• **About this exercise**
Only the lines from the start of the entries through the line with "THOR #31 ASRAR" are wanted; please output them exactly.

(Stored entries)
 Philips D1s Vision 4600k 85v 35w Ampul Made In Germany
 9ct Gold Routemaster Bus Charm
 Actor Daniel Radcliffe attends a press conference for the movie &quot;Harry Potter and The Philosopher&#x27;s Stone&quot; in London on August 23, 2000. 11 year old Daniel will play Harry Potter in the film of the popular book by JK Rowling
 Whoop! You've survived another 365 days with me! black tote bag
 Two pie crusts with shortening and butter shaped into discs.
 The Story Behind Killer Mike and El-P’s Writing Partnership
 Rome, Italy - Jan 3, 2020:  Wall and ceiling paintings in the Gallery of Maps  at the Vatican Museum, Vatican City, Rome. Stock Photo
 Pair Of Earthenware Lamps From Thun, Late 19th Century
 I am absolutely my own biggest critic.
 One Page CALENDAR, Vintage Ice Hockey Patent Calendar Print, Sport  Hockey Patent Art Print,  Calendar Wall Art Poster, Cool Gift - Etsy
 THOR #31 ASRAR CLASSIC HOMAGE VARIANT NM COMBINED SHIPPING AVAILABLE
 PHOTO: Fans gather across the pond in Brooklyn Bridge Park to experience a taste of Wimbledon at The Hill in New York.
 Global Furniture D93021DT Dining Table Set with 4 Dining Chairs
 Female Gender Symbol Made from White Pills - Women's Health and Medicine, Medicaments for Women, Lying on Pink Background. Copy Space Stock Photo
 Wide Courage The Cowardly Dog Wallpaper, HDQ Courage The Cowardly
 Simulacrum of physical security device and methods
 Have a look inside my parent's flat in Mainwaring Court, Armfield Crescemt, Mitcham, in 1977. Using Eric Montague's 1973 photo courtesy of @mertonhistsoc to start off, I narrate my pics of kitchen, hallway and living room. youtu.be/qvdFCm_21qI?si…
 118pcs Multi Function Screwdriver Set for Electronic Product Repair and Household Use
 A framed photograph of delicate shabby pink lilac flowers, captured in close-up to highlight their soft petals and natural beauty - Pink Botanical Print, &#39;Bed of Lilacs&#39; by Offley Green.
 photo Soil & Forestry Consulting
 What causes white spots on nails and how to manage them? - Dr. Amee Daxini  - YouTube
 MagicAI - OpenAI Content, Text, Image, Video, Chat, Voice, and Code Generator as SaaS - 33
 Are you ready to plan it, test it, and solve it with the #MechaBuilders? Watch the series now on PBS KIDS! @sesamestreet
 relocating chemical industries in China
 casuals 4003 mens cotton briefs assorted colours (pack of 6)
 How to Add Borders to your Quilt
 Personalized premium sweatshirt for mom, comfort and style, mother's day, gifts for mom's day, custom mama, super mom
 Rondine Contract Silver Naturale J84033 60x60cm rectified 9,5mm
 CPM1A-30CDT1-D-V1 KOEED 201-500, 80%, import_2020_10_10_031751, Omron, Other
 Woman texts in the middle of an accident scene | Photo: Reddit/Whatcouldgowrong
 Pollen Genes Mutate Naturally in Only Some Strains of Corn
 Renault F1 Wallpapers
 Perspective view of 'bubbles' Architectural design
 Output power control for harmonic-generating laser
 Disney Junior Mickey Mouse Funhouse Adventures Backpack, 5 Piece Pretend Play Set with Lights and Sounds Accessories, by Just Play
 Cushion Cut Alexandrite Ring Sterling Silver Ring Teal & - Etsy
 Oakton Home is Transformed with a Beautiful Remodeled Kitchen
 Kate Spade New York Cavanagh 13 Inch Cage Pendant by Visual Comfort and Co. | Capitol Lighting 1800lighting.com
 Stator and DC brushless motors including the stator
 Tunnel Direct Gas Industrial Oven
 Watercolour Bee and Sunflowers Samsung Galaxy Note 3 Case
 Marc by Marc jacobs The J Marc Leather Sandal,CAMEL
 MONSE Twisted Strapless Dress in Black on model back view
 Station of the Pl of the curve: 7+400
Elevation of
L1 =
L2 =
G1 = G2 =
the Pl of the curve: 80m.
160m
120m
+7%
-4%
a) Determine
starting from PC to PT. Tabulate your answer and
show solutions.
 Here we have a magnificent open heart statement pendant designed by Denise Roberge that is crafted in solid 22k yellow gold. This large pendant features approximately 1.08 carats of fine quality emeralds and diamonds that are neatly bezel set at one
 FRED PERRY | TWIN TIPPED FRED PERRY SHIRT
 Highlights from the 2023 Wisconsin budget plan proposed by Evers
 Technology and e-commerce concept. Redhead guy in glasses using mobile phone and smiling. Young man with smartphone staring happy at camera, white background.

• **Solution below**
 Philips D1s Vision 4600k 85v 35w Ampul Made In Germany
 9ct Gold Routemaster Bus Charm
 Actor Daniel Radcliffe attends a press conference for the movie &quot;Harry Potter and The Philosopher&#x27;s Stone&quot; in London on August 23, 2000. 11 year old Daniel will play Harry Potter in the film of the popular book by JK Rowling
 Whoop! You've survived another 365 days with me! black tote bag
 Two pie crusts with shortening and butter shaped into discs.
 The Story Behind Killer Mike and El-P’s Writing Partnership
 Rome, Italy - Jan 3, 2020:  Wall and ceiling paintings in the Gallery of Maps  at the Vatican Museum, Vatican City, Rome. Stock Photo
 Pair Of Earthenware Lamps From Thun, Late 19th Century
 I am absolutely my own biggest critic.
 One Page CALENDAR, Vintage Ice Hockey Patent Calendar Print, Sport  Hockey Patent Art Print,  Calendar Wall Art Poster, Cool Gift - Etsy
 THOR #31 ASRAR CLASSIC HOMAGE VARIANT NM COMBINED SHIPPING AVAILABLE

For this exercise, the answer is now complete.